Violated copyrights could pertain to software that locks the phone, enabling AT&T Mobility to capitalize on its business model for the iPhone, or violated copyrights might pertain to other proprietary software that enables applications on the AT&T Mobility network.
“I don’t know how many of those things stop working when you unlock the phone and try to run it on another network,” Baldinger said. “And I’m not sure which party-Apple or AT&T-owns those copyrights.”
“We have been successful in getting courts to recognize that the DMCA exemption does not apply to people who are unlocking handsets for profit,” Baldinger said. “The exemption applies only to people who are unlocking their phone for the sole purpose of lawfully connecting to a network.”
“I can’t speak for Apple or AT&T, so I can’t say who the target would be, or even whether they’ll attempt to challenge this,” Baldinger added. “But the companies out there trying to earn a buck unlocking people’s phones, or by selling the ‘instrumentality’ for doing so, they’re the ones with the most to worry about.”
What about firms based overseas?
“It always complicates things when you have to chase someone down in another country,” the attorney said.
Baldinger, who worked for eight years as an in-house attorney at AT&T, including a stint as vice president of security, said that a company in AT&T Mobility’s position must evaluate its overall strategy and possible undesirable outcomes to litigation, such as negative publicity from a perception that it was singling out, say, a teenage hacker
basking in the media limelight.
“I’m particularly sensitive to the other, outside pressures one must consider when deciding whether to use litigation,” Baldinger said. “Public relations is certainly one of them.
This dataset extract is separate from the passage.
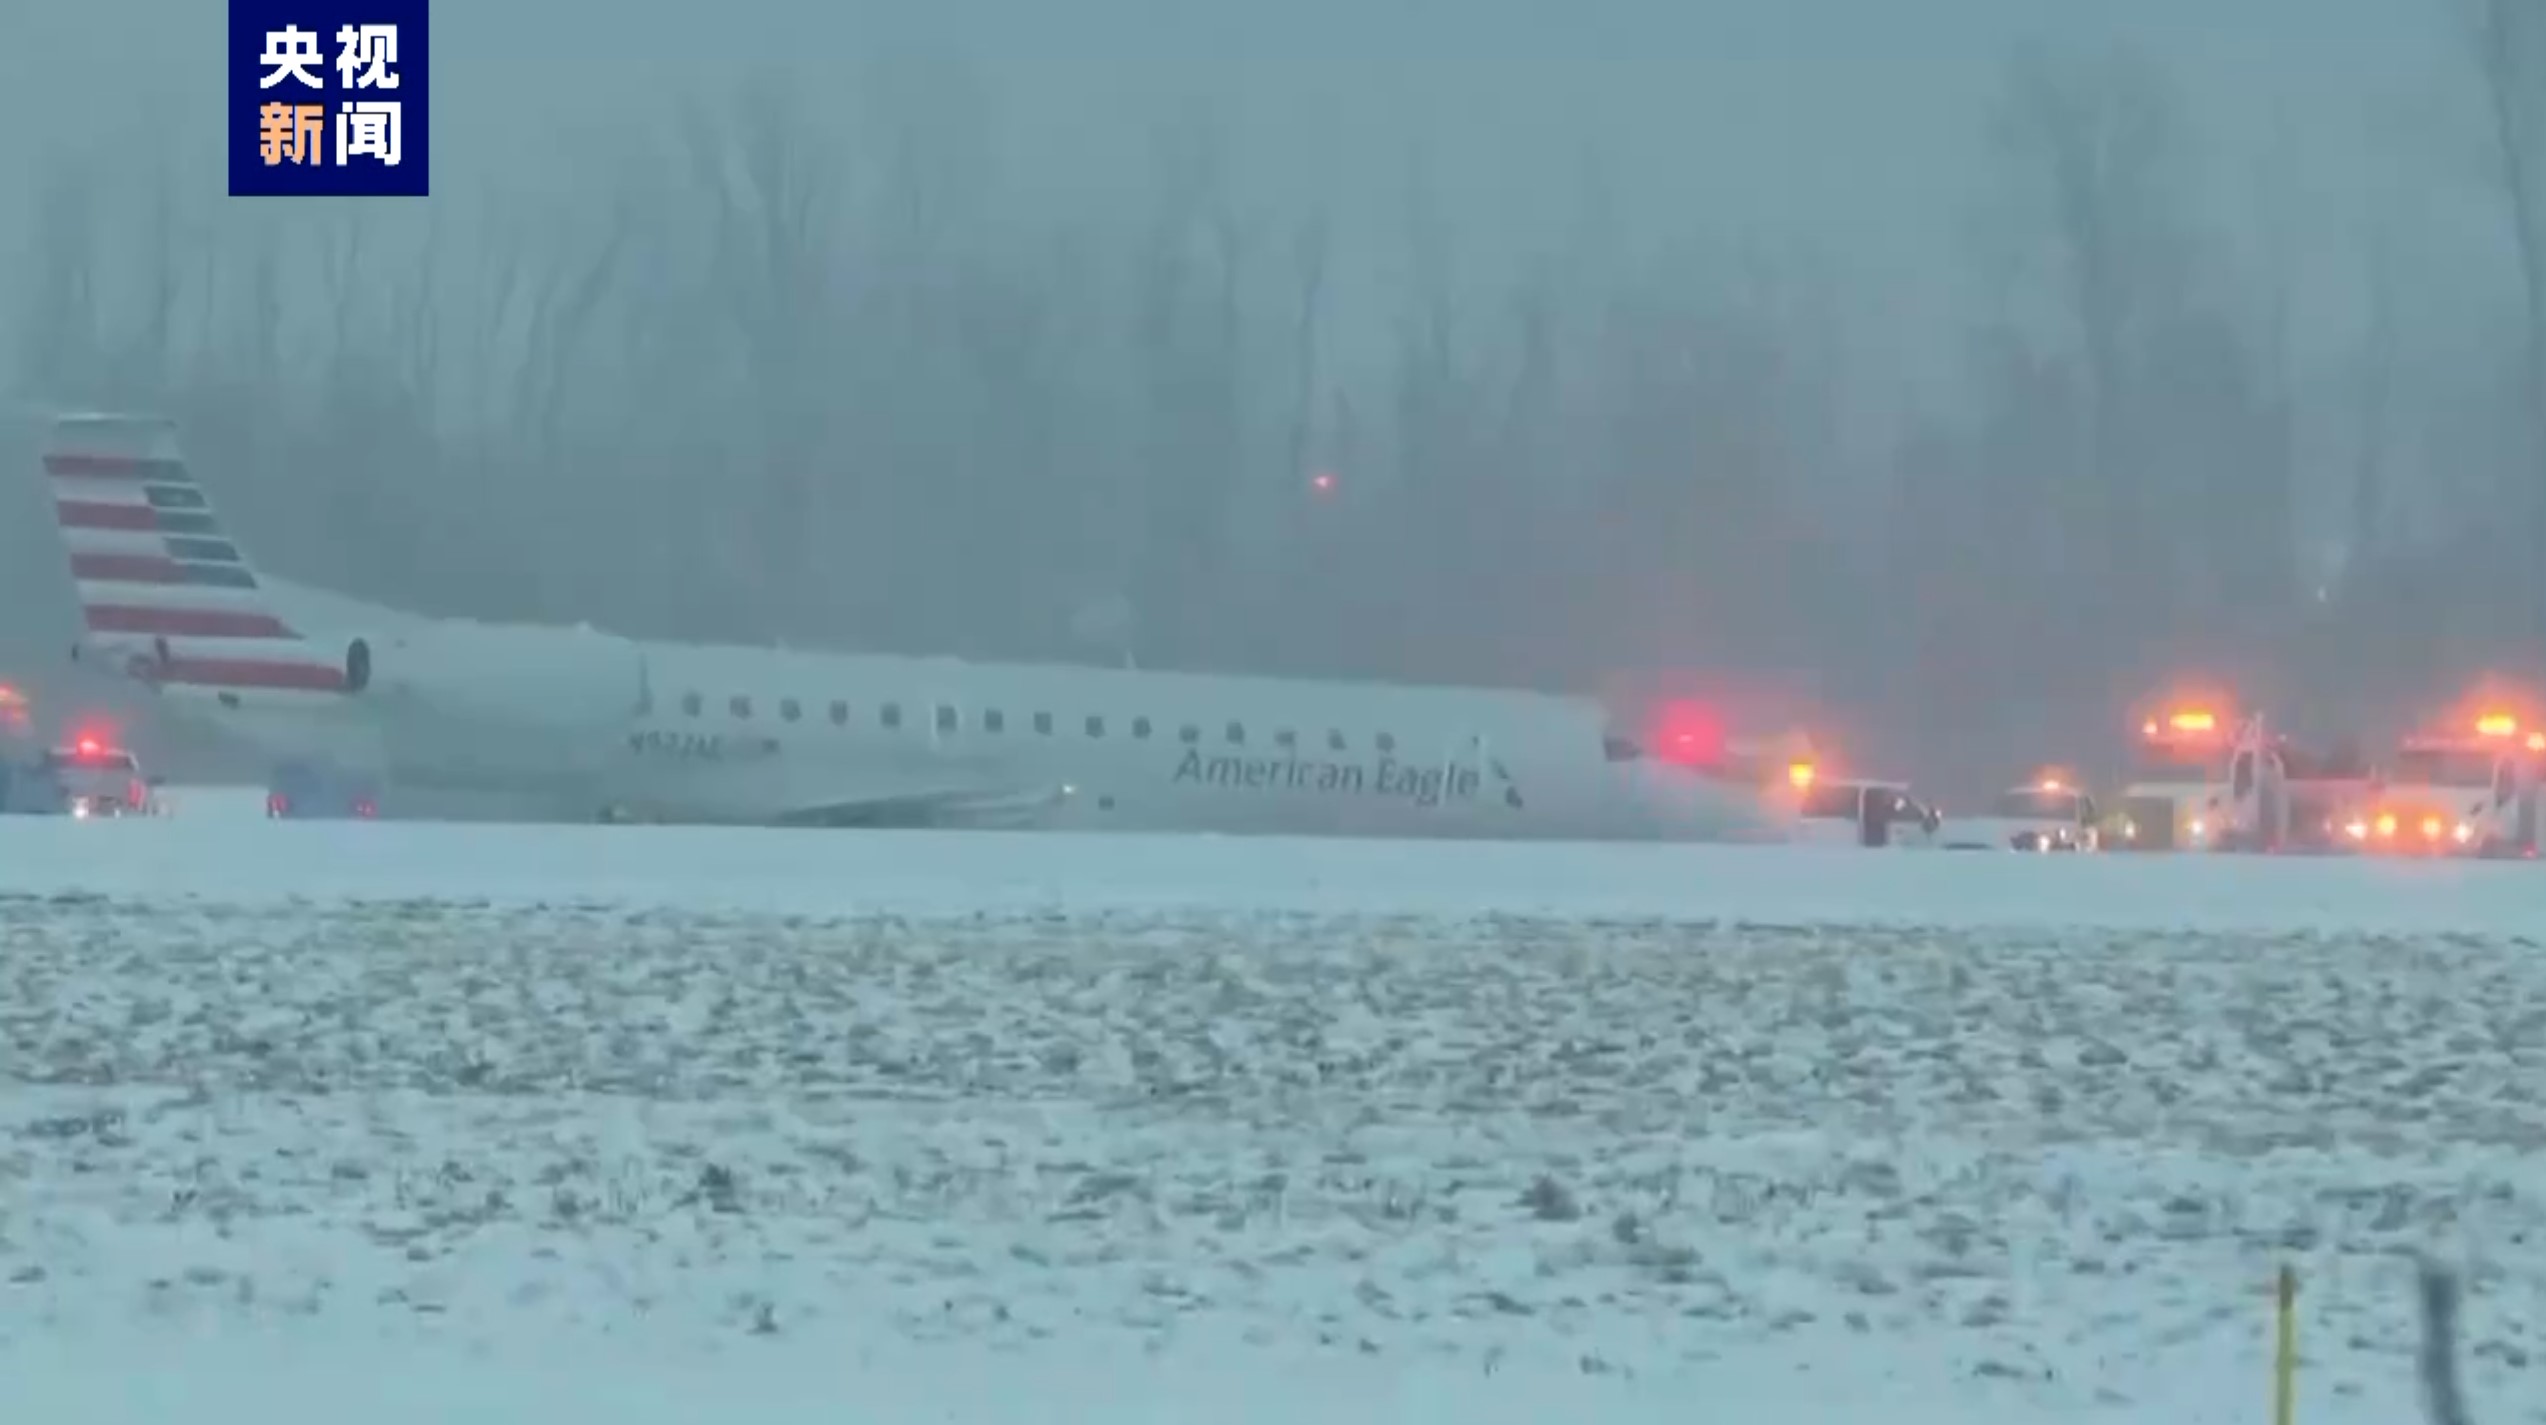 美国一客机降落时滑出跑道 无人员伤亡

These are consumer-based businesses. You have to think about the implications. Sometimes you decide the issue is too important and you have to press forward with litigation. These are very sophisticated players and I’m sure they’re weighing their options.”
All this would seem to put CertiCell on the hot seat regarding its Sept. 14 declaration of its “intentions” towards the iPhone.
“It’s a brilliant publicity stunt,” Baldinger said.